Ему было уже пятьдесят пять лет, и жизнь, строго говоря, уже миновала, прошла, осталась где-то там, за спиною, в редких воспоминаниях… И Фатима уже умерла, умерла для него! И дети, ежели живы, не помнят и не знают родителя своего!
Он плакал. Сидел не шевелясь, и слезы текли у него по лицу.

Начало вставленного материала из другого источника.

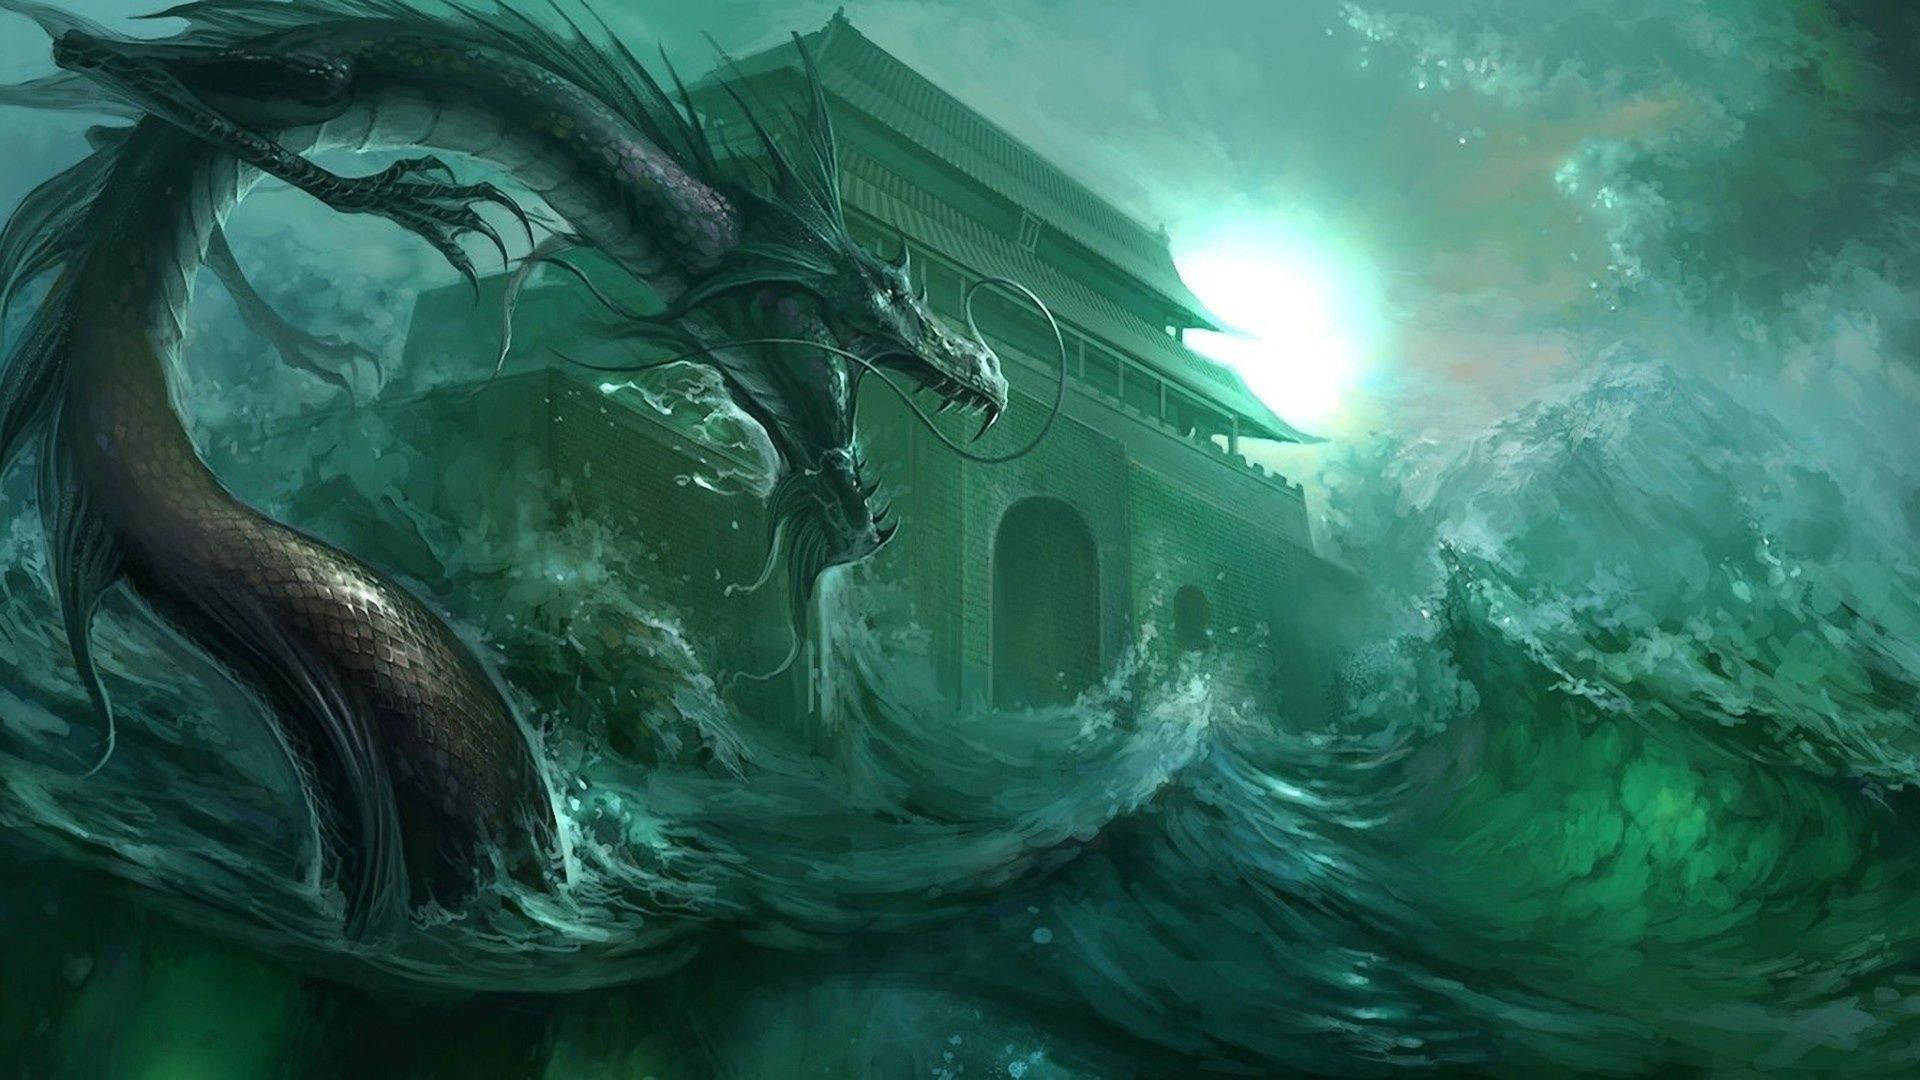 Eastern Dragon Raging Waves Background

Керим нахмурил чело: «Не нада!» — сказал по-русски. Налил чару медовой браги, поднес: — На, выпей! Наша жизнь еще не прошла! — строго добавил он. И повеяло тем, давним сумасшествием битв, запахами степи и коня, далекою сказкою Кавказских гор, Крыма, голубого русского Греческого моря и моря Хвалынского.
— Заночуешь? — предлагает Керим, и Васька молча кивает головой:
— Да, заночую!
— Помнишь, я говорил тебе: моя юрта — твоя юрта? — спрашивает Керим и улыбается в полутьме, освещаемой дрожащим огоньком масляного светильника.
— Для меня честь тебя принимать! — строго говорит Керим. — Ты был хорошим сотником, добрым юзбаши! Ты был храбрый и ты берег людей, заботился о них! Я всегда вспоминаю тебя!
Василий вновь кивает благодарно и у него теплеет на сердце.
— А ты был самым храбрым воином в моей сотне, Керим! — отвечает он и не лукавит, так оно и было на деле. Потом они снова пьют, едят жаренную над огнем баранину с солью. В юрте появляются какие-то люди (у полупьяного Василия уже все плывет в глазах), слышится перебор струн, звуки курая. Ратники Керима, созванные им ради почетного гостя, поют, и Василий, вслушавшись, начинает подпевать тоже. Один из воинов пляшет по-монгольски, на корточках. Наконец Василия отводят под руки на его ложе, он валится в кошмы, засыпая почти мгновенно. И только ночью встает ради нужды, выходит крадучись из юрты. Тихо. В темноте шевелятся и топочут кони. Овцы в загоне сбились плотною неразличимою кучей, спят. Едва посвечивает вдали, за краем степного окоема, небо. Пахнет степью, горьким запахом полыни и запахом ковыля. И где-то, далекая, приглушенно звучит песня. Тягучая, длинная, чем-то незримо похожая на русские протяжные (долгие) песни, под которые так хорошо грустить! Он остоялся под темным неогляданным небом, следя темные, неотличимые от земли и травы, очерки юрт. Как же он будет вновь и опять тосковать по всему этому! По неоглядным степным окоемам, по запаху полыни, неведомому на Руси, по сумасшедшему бегу коня! И вспомнились чьи-то, кажется, восточные, сорочинские строки, что перевел ему как-то заезжий арабский купец:
Пропала юность невозвратно, владычица чудес!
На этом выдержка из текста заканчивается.